Why is the training taking so long?

解决方案

Why is TensorFlow slow

TensorFlow has 2 execution modes: eager execution, and graph mode. TensorFlow default behavior, since version 2, is to default to eager execution. Eager execution is great as it enables you to write code close to how you would write standard python. It's easier to write, and it's easier to debug. Unfortunately, it's really not as fast as graph mode.

So the idea is, once the function is prototyped in eager mode, to make TensorFlow execute it in graph mode. For that you can use tf.function. tf.function compiles a callable into a TensorFlow graph. Once the function is compiled into a graph, the performance gain is usually quite important. The recommended approach when developing in TensorFlow is the following:

  • Debug in eager mode, then decorate with @tf.function.
  • Don't rely on Python side effects like object mutation or list appends.
  • tf.function works best with TensorFlow ops; NumPy and Python calls are converted to constants.

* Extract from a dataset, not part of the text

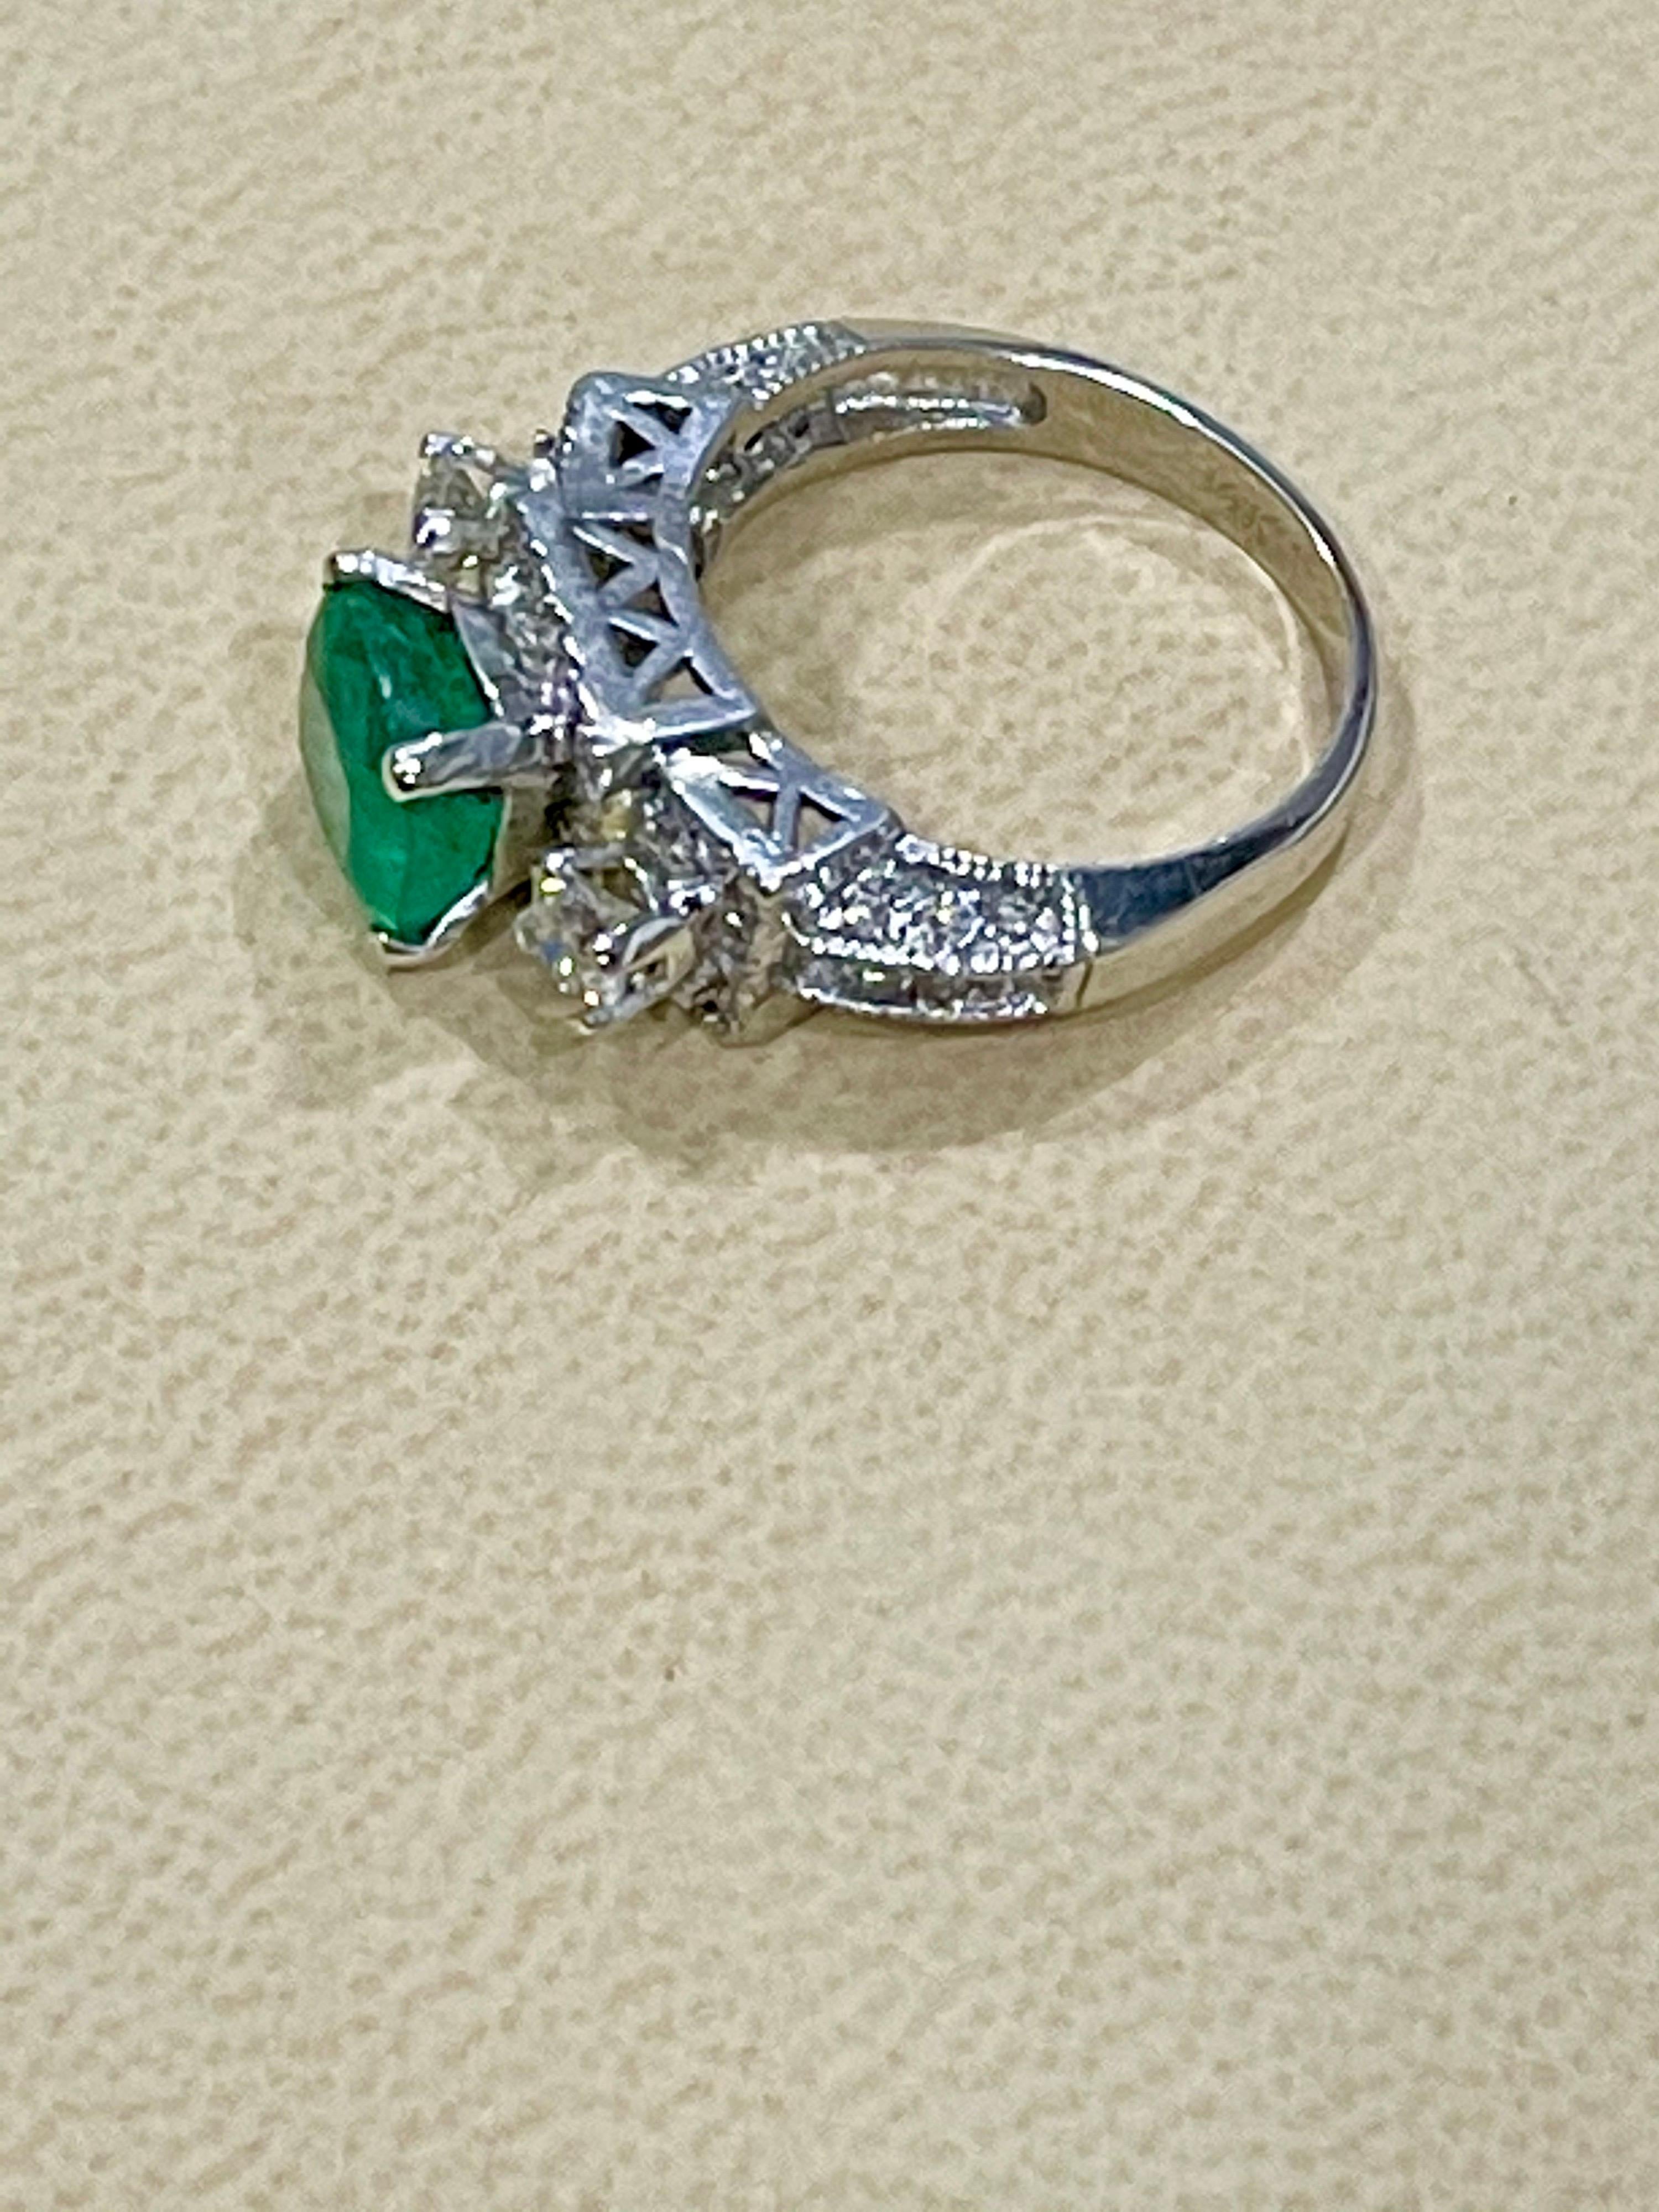 2 Carat Natural Cushion Cut Emerald & Diamond Ring 14 Karat White Gold For Sale 2

I would add: think about the critical parts of your program, and which ones should be converted first into graph mode. It's usually the parts where you call a model to get a result. It's where you will see the best improvements.

You can find more information in the following guides:

Applying tf.function to your code

So, there are at least two things you can change in your code to make it run quite faster:

  1. The first one is to not use model.predict on a small amount of data. The function is made to work on a huge dataset or on a generator. (See this comment on Github). Instead, you should call the model directly, and for performance enhancement, you can wrap the call to the model in a tf.function.

Model.predict is a top-level API designed for batch-predicting outside of any loops, with the fully-features of the Keras APIs.

  1. The second one is to make your training step a separate function, and to decorate that function with @tf.function.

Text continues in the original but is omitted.